I don't know why we got the bibles, the rest of the family believes that stuff. Maybe they're hoping we'll catch religion. My husband wants to keep one as a memory of his mother, but the rest we'll send to our nephews and niece. Our kids are non believers.
Ron Obvious
(6,261 posts)But there's nothing hypocritical about treasuring a keepsake that reminds you of a loved one.
edhopper
(34,857 posts)we know the only meaning is that which we ascribe.
So these objects (and i have a few too) do not have religious meaning, they have significances for our family and our past.
They help us hold to memories of our childhood and l;oved ones.
Nothing wrong with that.
Look at all the ancient buildings and statues that are awe inspiring. they aren't so because of the gods they were built for, they have taken on different meanings.
LiberalAndProud
(12,799 posts)Does that count?
RebelOne
(30,947 posts)But I have one hanging in my bedroom to catch bad dreams.
LiberalAndProud
(12,799 posts)Maybe it's the reason that I rarely remember dreaming.

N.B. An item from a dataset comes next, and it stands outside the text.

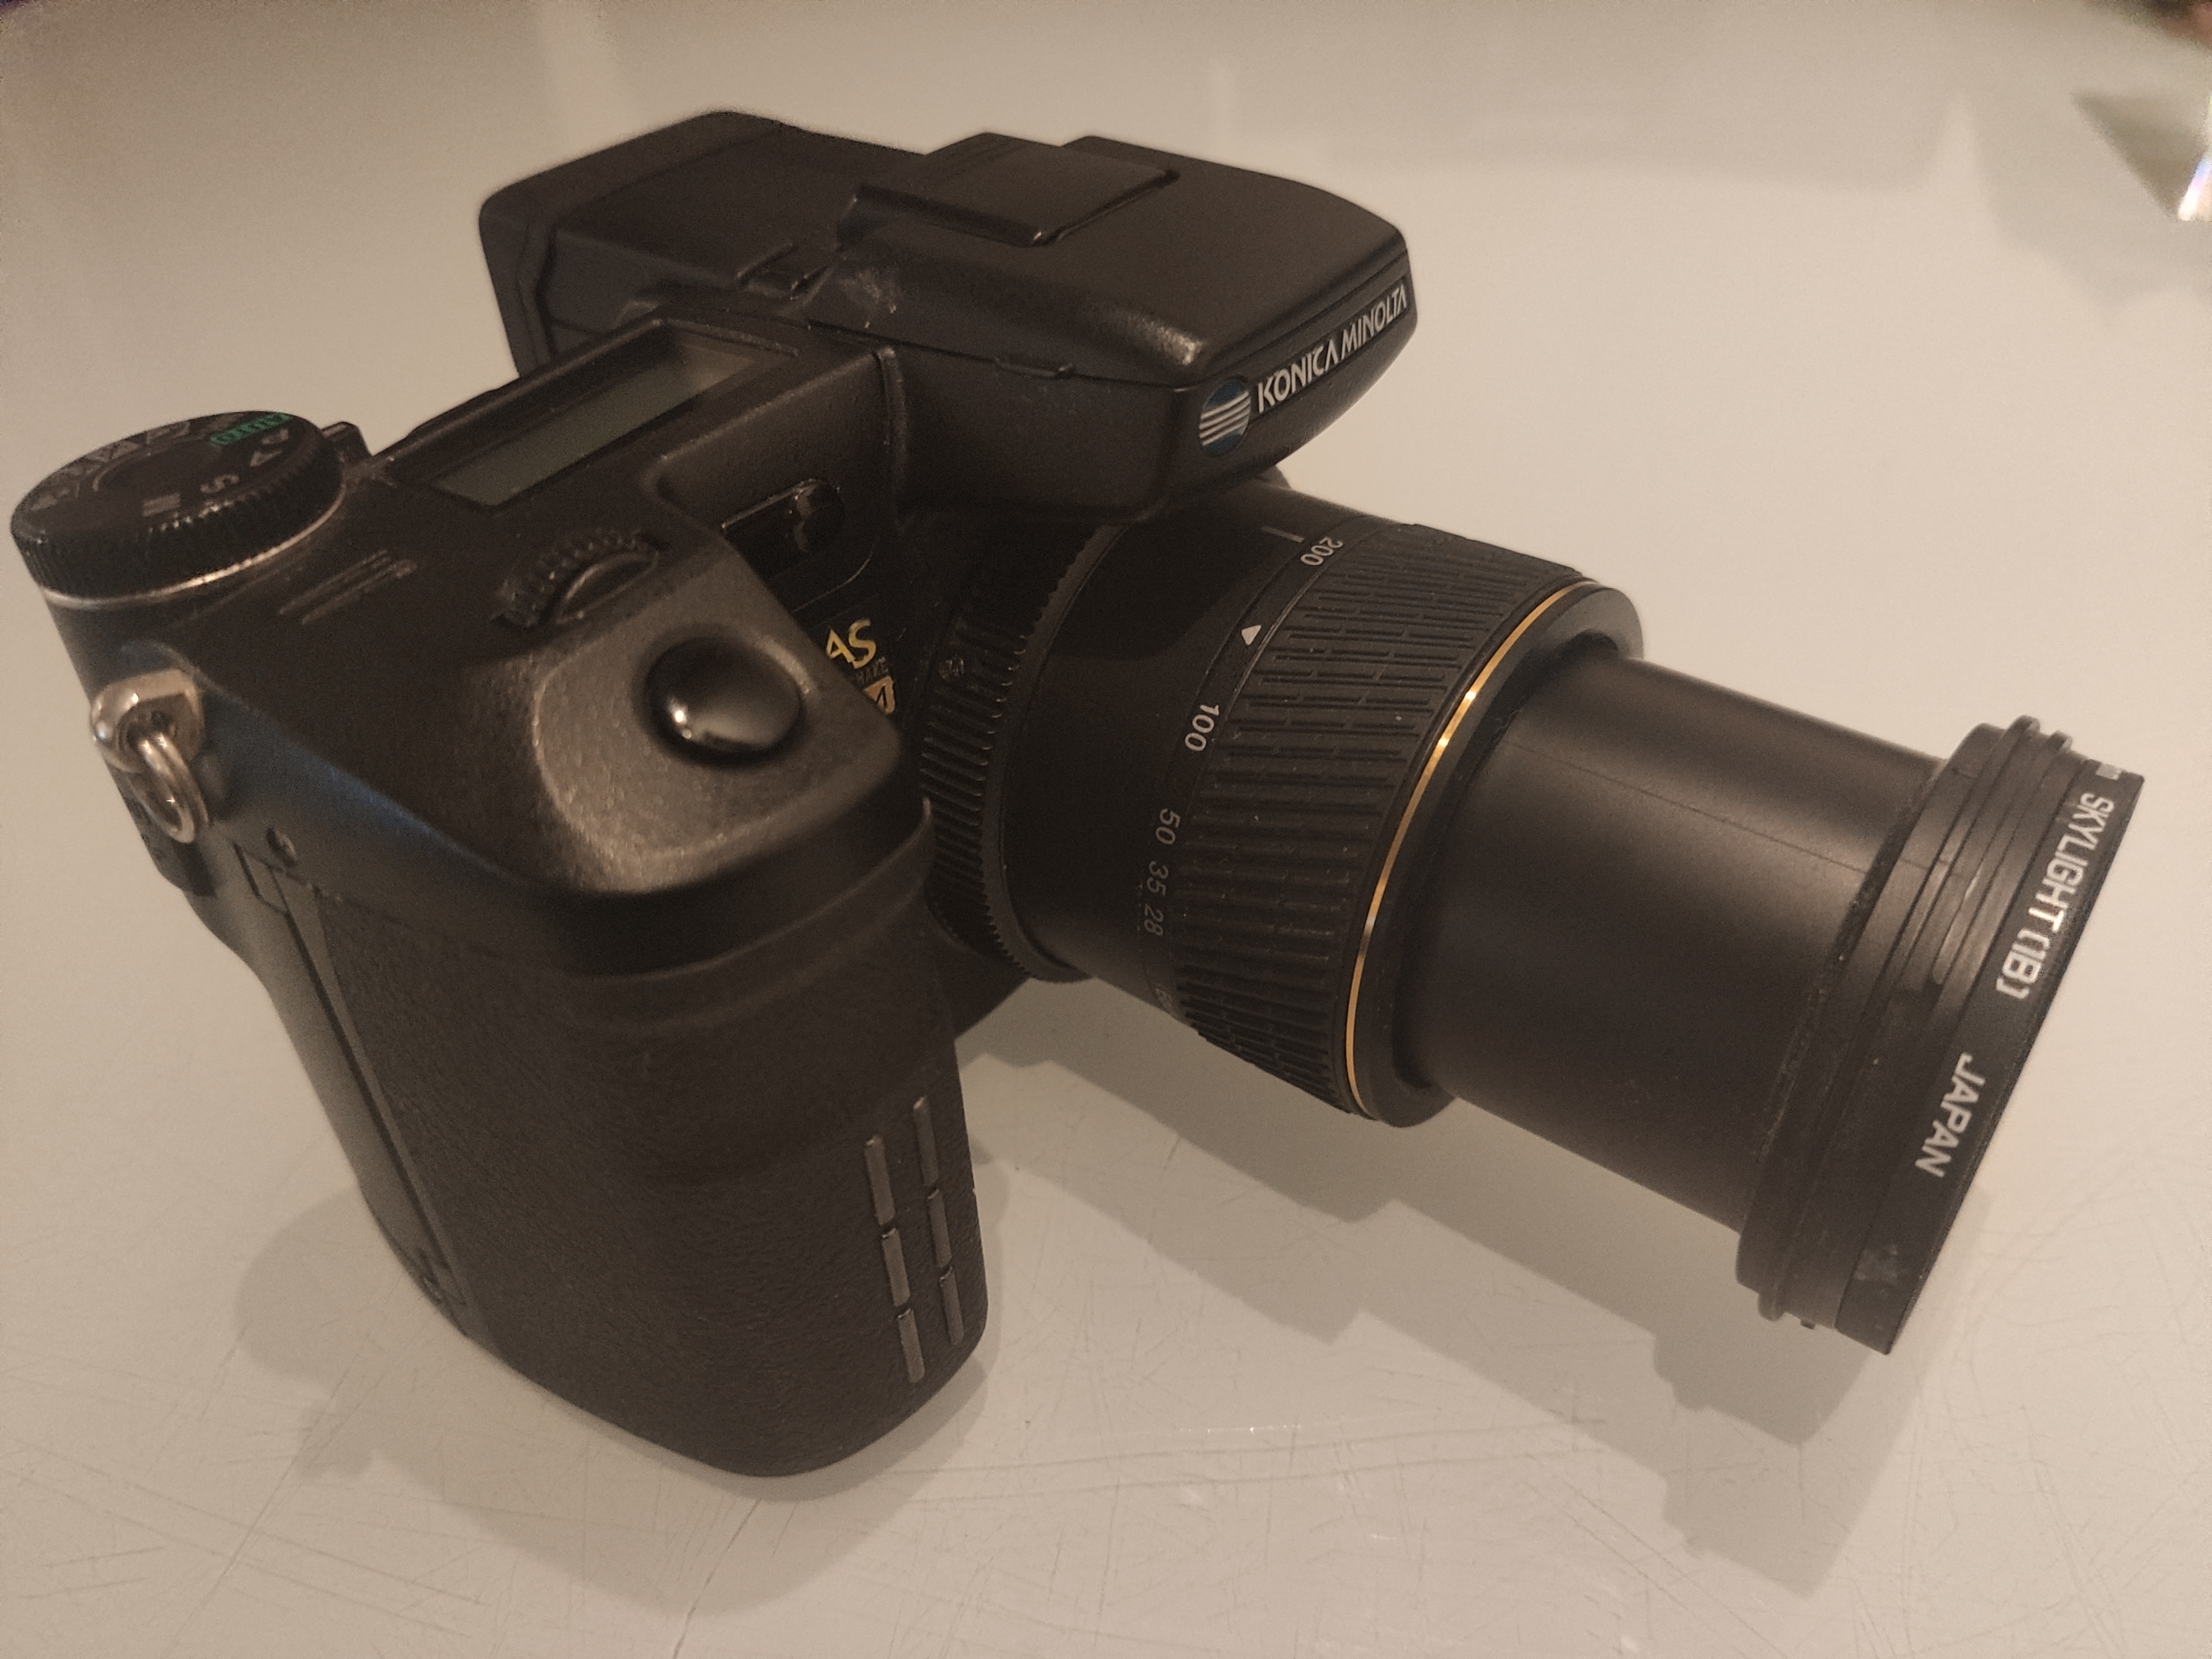 A Konica Minolta Dimage A2 Digital Camera Kit. 2 X Batteries, Wide Lens Converter and More. - Image 7 of 7

Come to think of it, I do have a cross my mother's cousin carved. It's quite lovely and I have no desire to get rid of it.
Curmudgeoness
(18,219 posts)for my confirmation. I would never get rid of it, but only for that reason. I think that there are five or six Bibles in the house, but that one is the one that means something to me. I lost all my jewelry in a robbery years ago, so I don't have the crosses that my mother and grandmother gave me, or they would also mean something to me.
I am not very sentimental, but when you have so few things given by someone you loved, they do have importance. I suppose that you could say that your cross is a symbol of love for you and not a symbol or any religion.
Binkie The Clown
(7,911 posts)My mother still has dishes that I remember from when I was a little kid in the 1940's. The oldest thing I have (aside from my own old, wrinkled self) is a ten-year-old T-shirt. (Goodwill does a brisk business in my old discards)

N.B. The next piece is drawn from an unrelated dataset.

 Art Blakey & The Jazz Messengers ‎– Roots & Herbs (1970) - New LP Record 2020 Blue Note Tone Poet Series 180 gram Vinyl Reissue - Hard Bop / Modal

My mom still has some first communion pictures of me and my sisters. I'm hoping those will get passed down to my sisters when the time comes. I'm the very last person in the world who should be entrusted with heirlooms. Keepsakes are just more mathoms to dust and clean. Especially religious mathoms.
AtheistCrusader
(33,982 posts)whatthehey
(3,660 posts)I don't use Rev. on my DL any more though.